Details
The Loper Bright decision could challenge Congress in passing particular and forward-thinking data privacy and security laws.
Transcript
INTRO
The United States Supreme Court's recent decision to end the Chevron doctrine in the Loper Bright case exposed a governmental fault line, which may have far-reaching implications for many entrenched U.S. federal agency regulations that have existed for decades and, consequently, for employers.
The Loper Bright decision could make it difficult for Congress to pass specific and forward-thinking data privacy and security laws to close the current gap in the regulatory landscape. In this episode of our podcast series, Workplace Law After Loper, we discuss how employers can remain aware of current and often conflicting requirements and ongoing challenges for compliance.
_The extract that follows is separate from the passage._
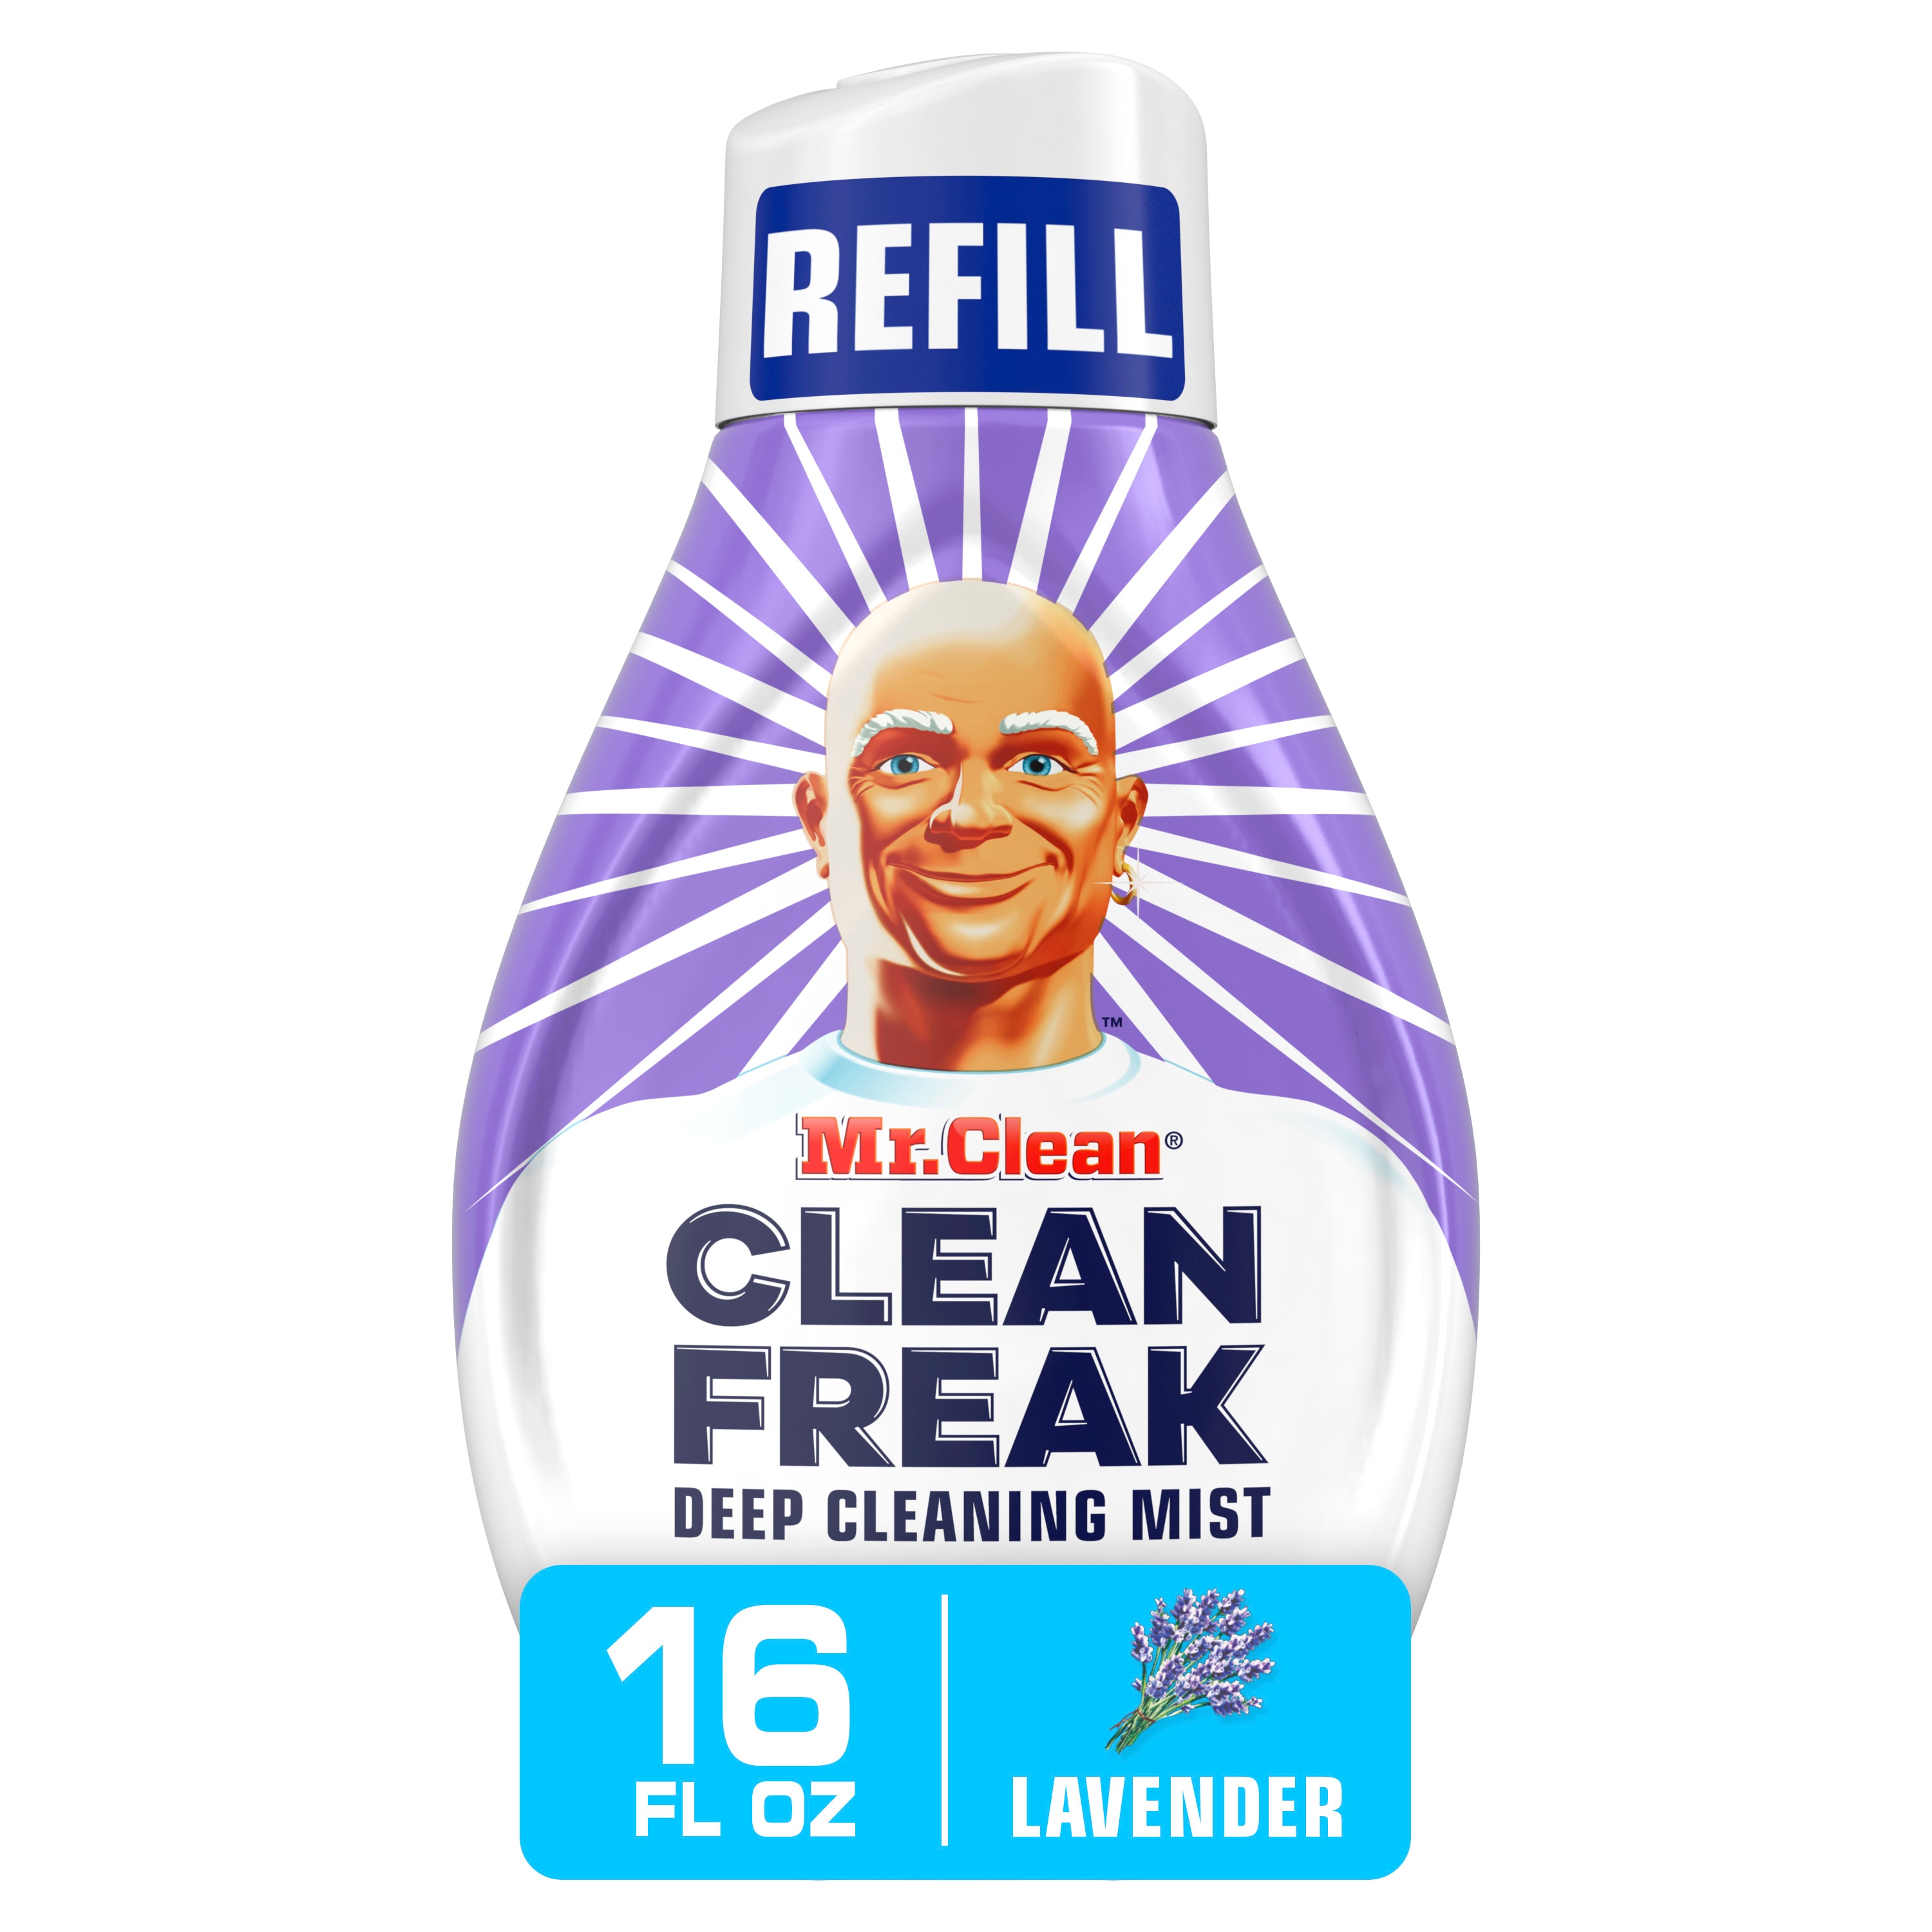  Mr. Clean All Purpose Cleaner, Clean Freak Mist Cleaning Kit  for Bathroom & Kitchen Cleaner, Lemon Scent, Includes 1 Spray Bottle (16  oz) and 1 Large Refill (30.9 oz) : Health & Household

Today's hosts are Melissa Pascualini and Rob Yang, associates in the Long Island and San Francisco offices, respectively, and members of the Privacy, Data and Cybersecurity Group.
Melissa and Rob, the question on everyone’s mind today is: How does the U.S. Supreme Court's decision in Loper Bright affect employers' need to comply with a patchwork of data privacy and security laws, and how does that impact my business?
CONTENT
Melissa Pascualini
Associate
Hello everyone, my name is Melissa Pascualini. I'm an associate in the Long Island Office of Jackson Lewis. As part of my involvement in the firm's data privacy and security group, I advise on various privacy and cybersecurity-related issues. Here with me today is my colleague Rob Yang. How are you, Rob?
Robert Yang
Associate and Certified Information Privacy Professional (CIPP/US)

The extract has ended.